Running with the Demon
- First edition
- Author: Terry Brooks
- Cover artist: Gerald Brom
- Language: English
- Series: Word & Void series
- Genre: Dark fantasy
- Publisher: Del Rey Books
- Publication date: August 19, 1997
- Publication place: United States
- Media type: Print (hardback & paperback)
- Pages: 420 (hardcover edition) 448(paperback edition)
- ISBN: 0-345-37962-4
- OCLC: 36582033
- Dewey Decimal: 813/.54 21
- LC Class: PS3552.R6596 R86 1997
- Followed by: A Knight of the Word

= Running with the Demon =

1997 novel by Terry Brooks

Running with the Demon is a fantasy novel by American writer Terry Brooks, the first book in the Word & Void fantasy series. It was first published in 1997 by Ballantine's Del Rey division. It is followed by the novel A Knight of the Word.

==Plot summary==
Malevolent creatures have hidden themselves for many years in Sinnissippi Park, in Hopewell, Illinois. A man named John Ross is drawn to the town, plagued by nightmares warning him that an unspeakable evil is about to be unleashed on the world. A teenager, Nest Freemark, has powers that she does not fully understand, and uses them in the battle between good and evil.

==Characters==
The characters in the book are:
- Nest Freemark
- John Ross
- O'olish Amaneh
- The demon (unnamed)

==Errors==
There are a few errors in Brooks' novel.

Dates given in Terry Brooks' subsequent novel Armageddon's Children confirm that Running with the Demon takes place in 1997. However, like the other books in the Word/Void trilogy, the days of the week mentioned in the novel do not fall on the given calendar dates.

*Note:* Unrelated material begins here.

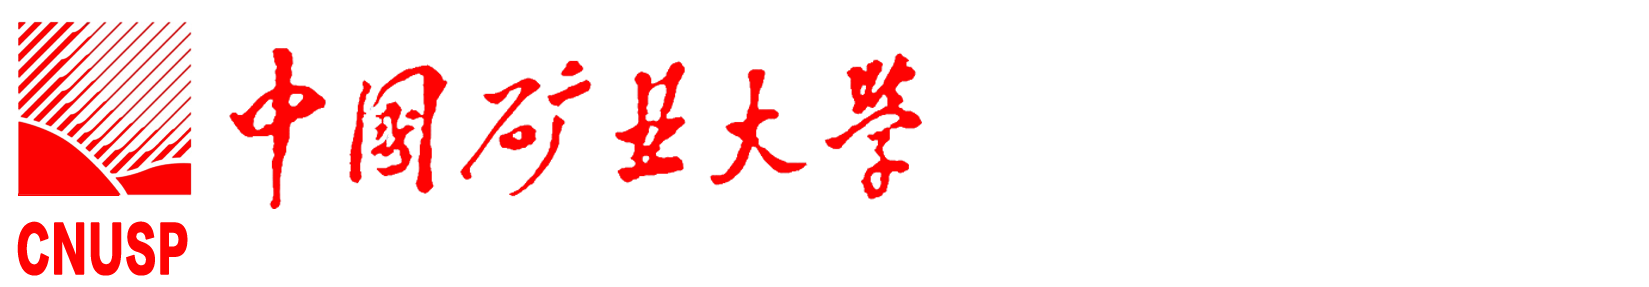 中国矿业大学国家大学科技园
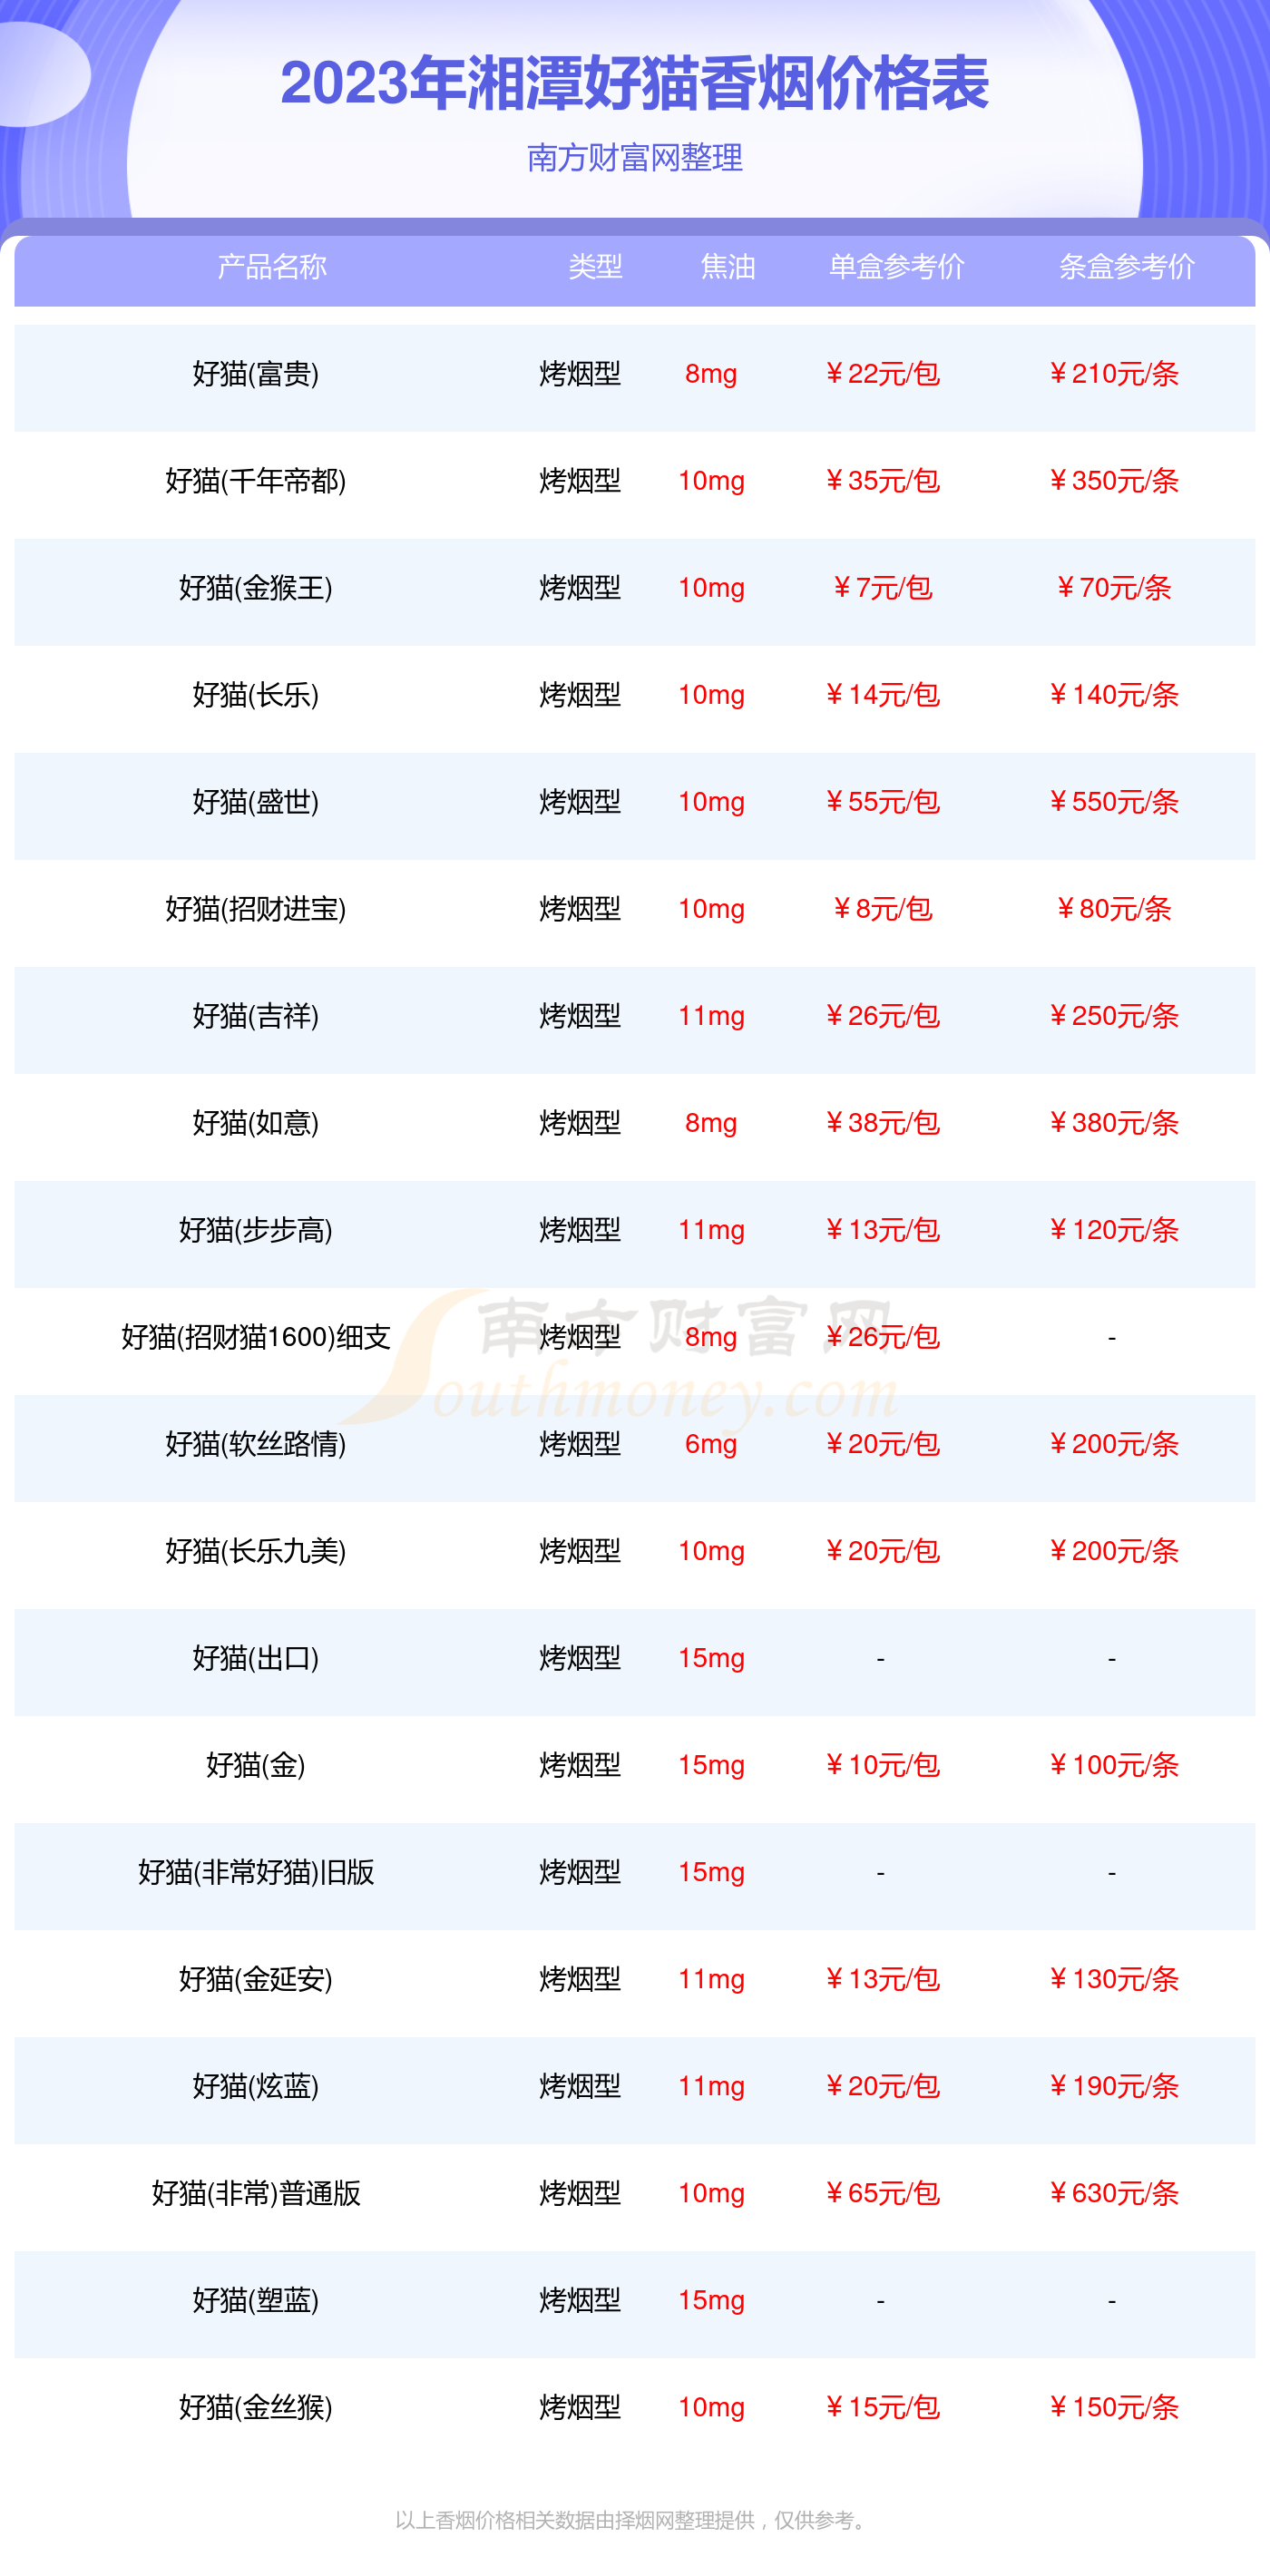 2023年湘潭好猫香烟价格表汇总一览多少钱一盒

Another discrepancy is associated with the character Derry Howe, described as a veteran of the Vietnam War, serving two tours of duty. A news article gives his age as 38 years old. The story takes place in 1997, indicating that Derry would have been 16 years old at the time the Vietnam War ended in 1975. However, it also says he is "on the downside of forty."

A third error is given when Nest is said to be training for the Summer Olympics to be held in Melbourne, Australia. The next upcoming Summer Olympics in 2000 were in Sydney, Australia, not Melbourne.

== Reception ==
Though the book was "undermined by unsurprising story developments and therefore little or no narrative tension" Kirkus still commended by noting that it had an "intriguing and well-balanced scenario with believable characters."